Eliminating PZT-Induced Harmonics Using Metasurface-Based Filters for Enhanced Nonlinear Guided Wave Structural Health Monitoring
Mohammed Aslam, I Boris, Jaesun Lee
Abstract
Nonlinear guided wave-based Structural Health Monitoring (SHM) systems provide a powerful approach for the accurate detection and localization of structural damage by using harmonic generation as a key indicator of anomalies. However, distinguishing structural harmonics from those induced by instrumentation, particularly piezoelectric (PZT) actuators, remains a significant challenge. Over time, PZT actuators can develop debonding, leading to contact acoustic nonlinearity (CAN) effects and the generation of spurious harmonics that obscure damage signatures. To address this limitation, a novel metallic ring-shaped metasurface-based filter is proposed, specifically designed to suppress both instrument-induced and PZT-related harmonics. The metafilter’s bandgap characteristics were assessed through dispersion curve analysis, while its ability to isolate damage-sensitive harmonics was evaluated using time-domain finite element simulations.

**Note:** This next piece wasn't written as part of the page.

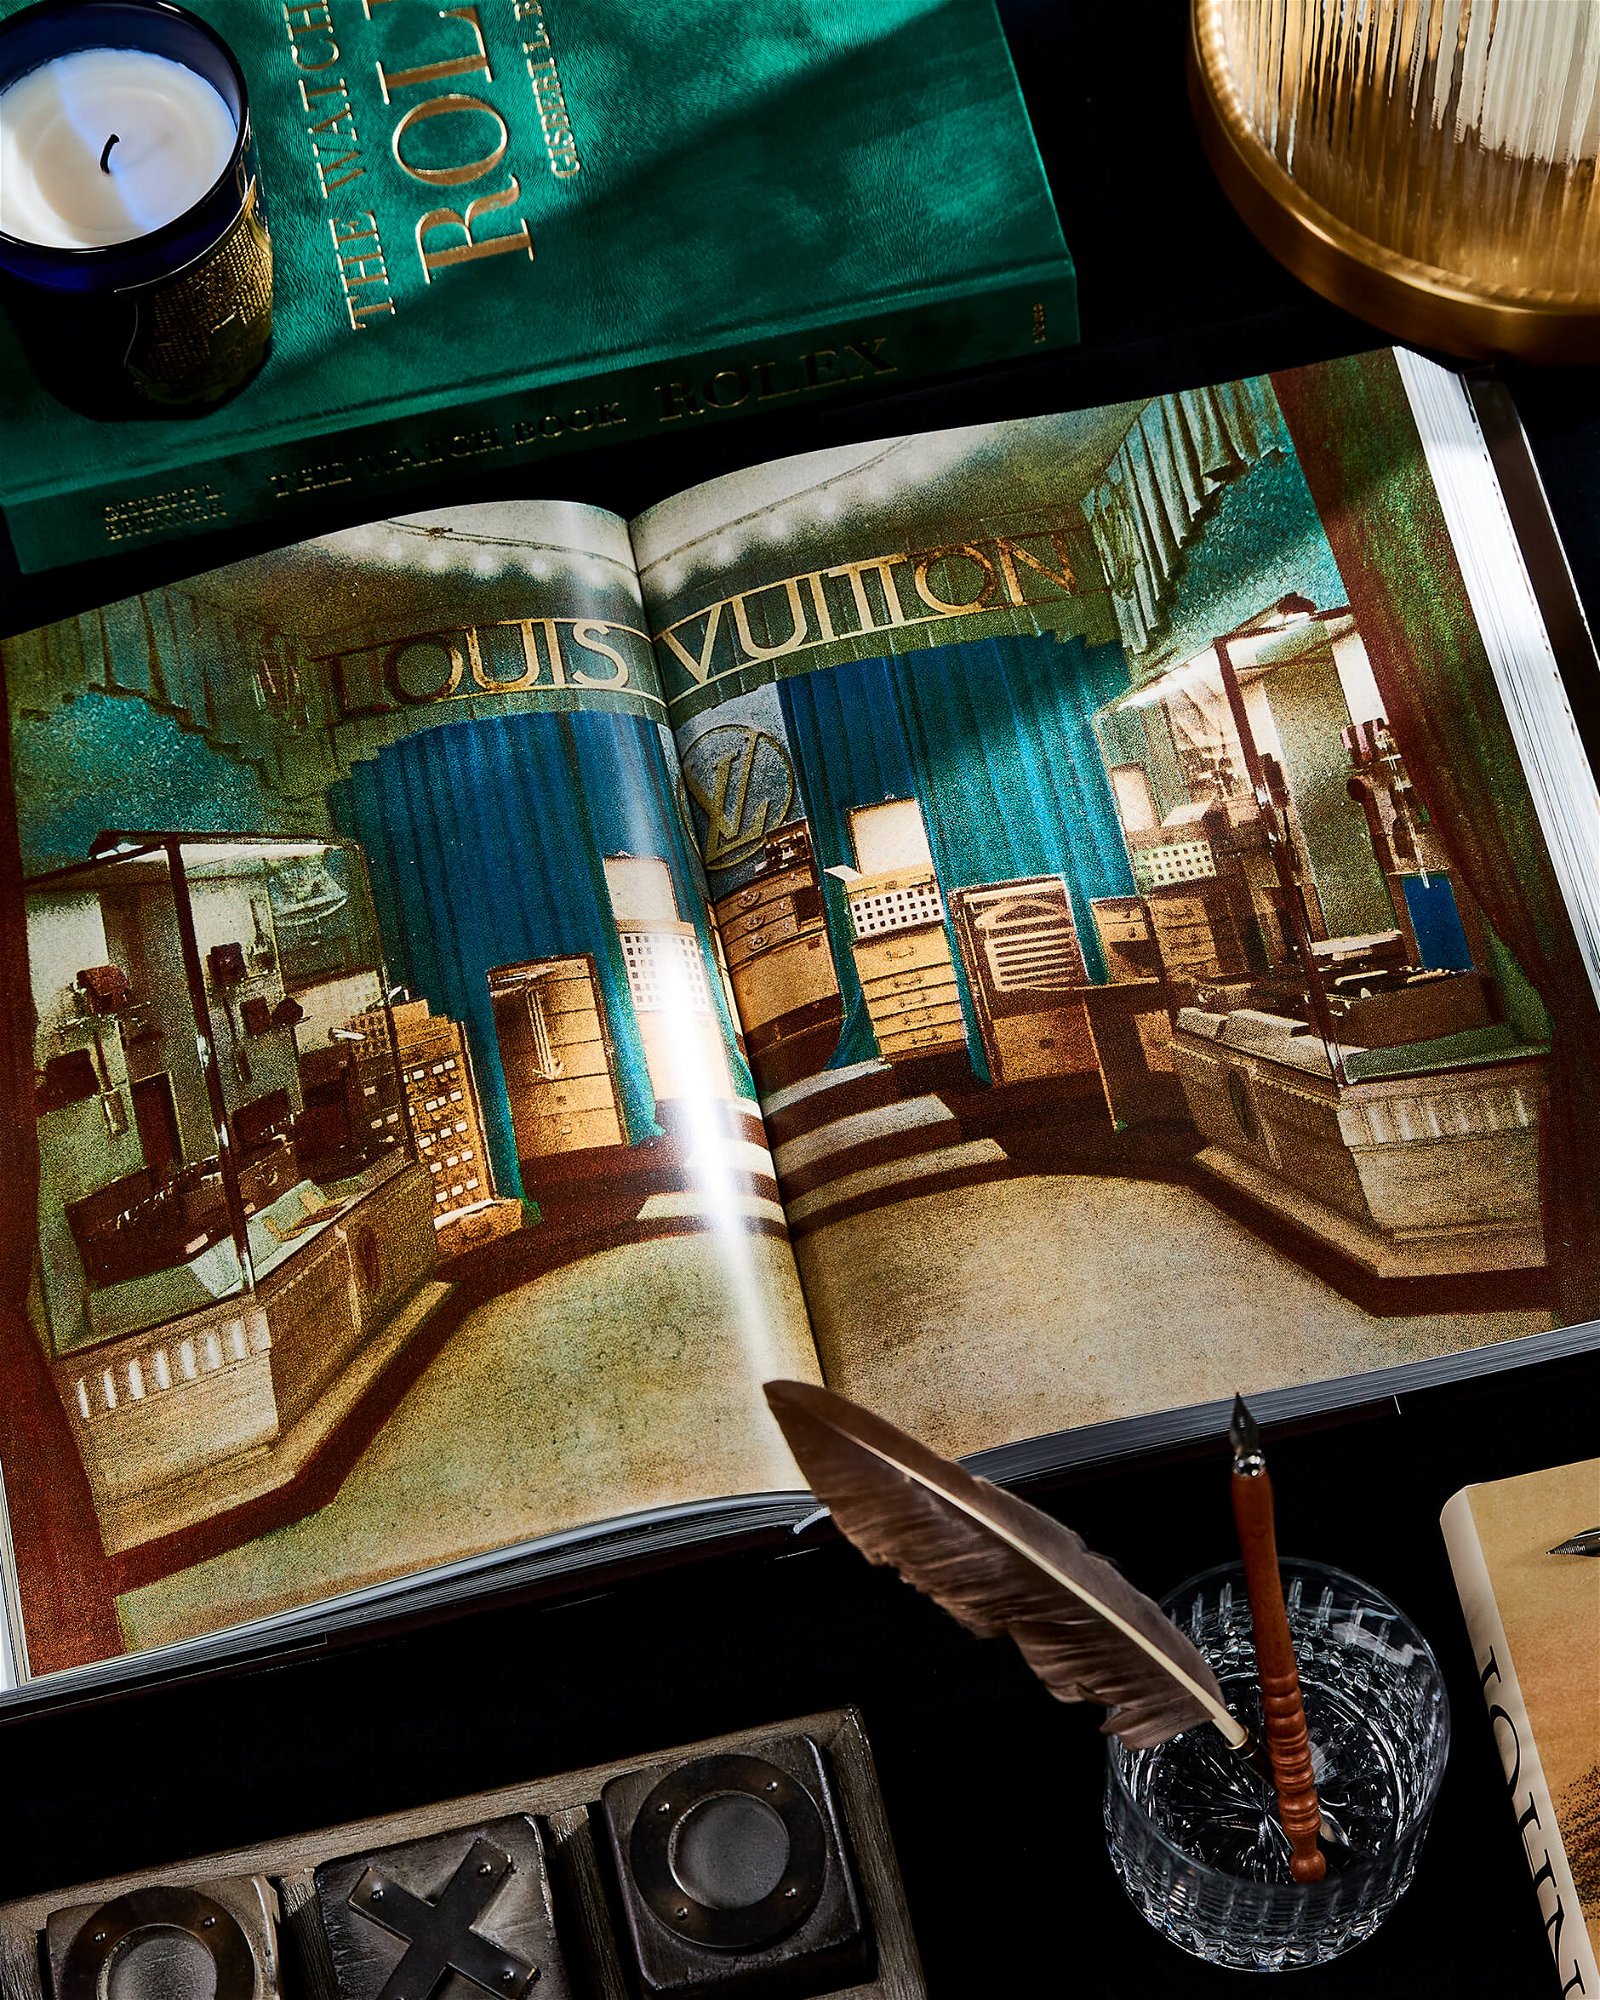 AROWONEN - Louis Vuitton book - The Birth of Modern Luxury

Experimental validations were performed on an aluminium plate integrated with a defective PZT patch and a 3D-printed metafilter. Additionally, defect localization accuracy was enhanced through a kernel-based weighting of time-difference-of-arrival (TDOA) residuals across multiple sensor sets, enabling precise spatial mapping. The results demonstrate the efficacy of the proposed metafilter in eliminating harmonics caused by the CAN effect while preserving the integrity of damage-sensitive nonlinear wave components. This study highlights the robustness of the metafilter in improving the precision and reliability of nonlinear guided wave SHM systems, offering significant potential for practical applications across various industries.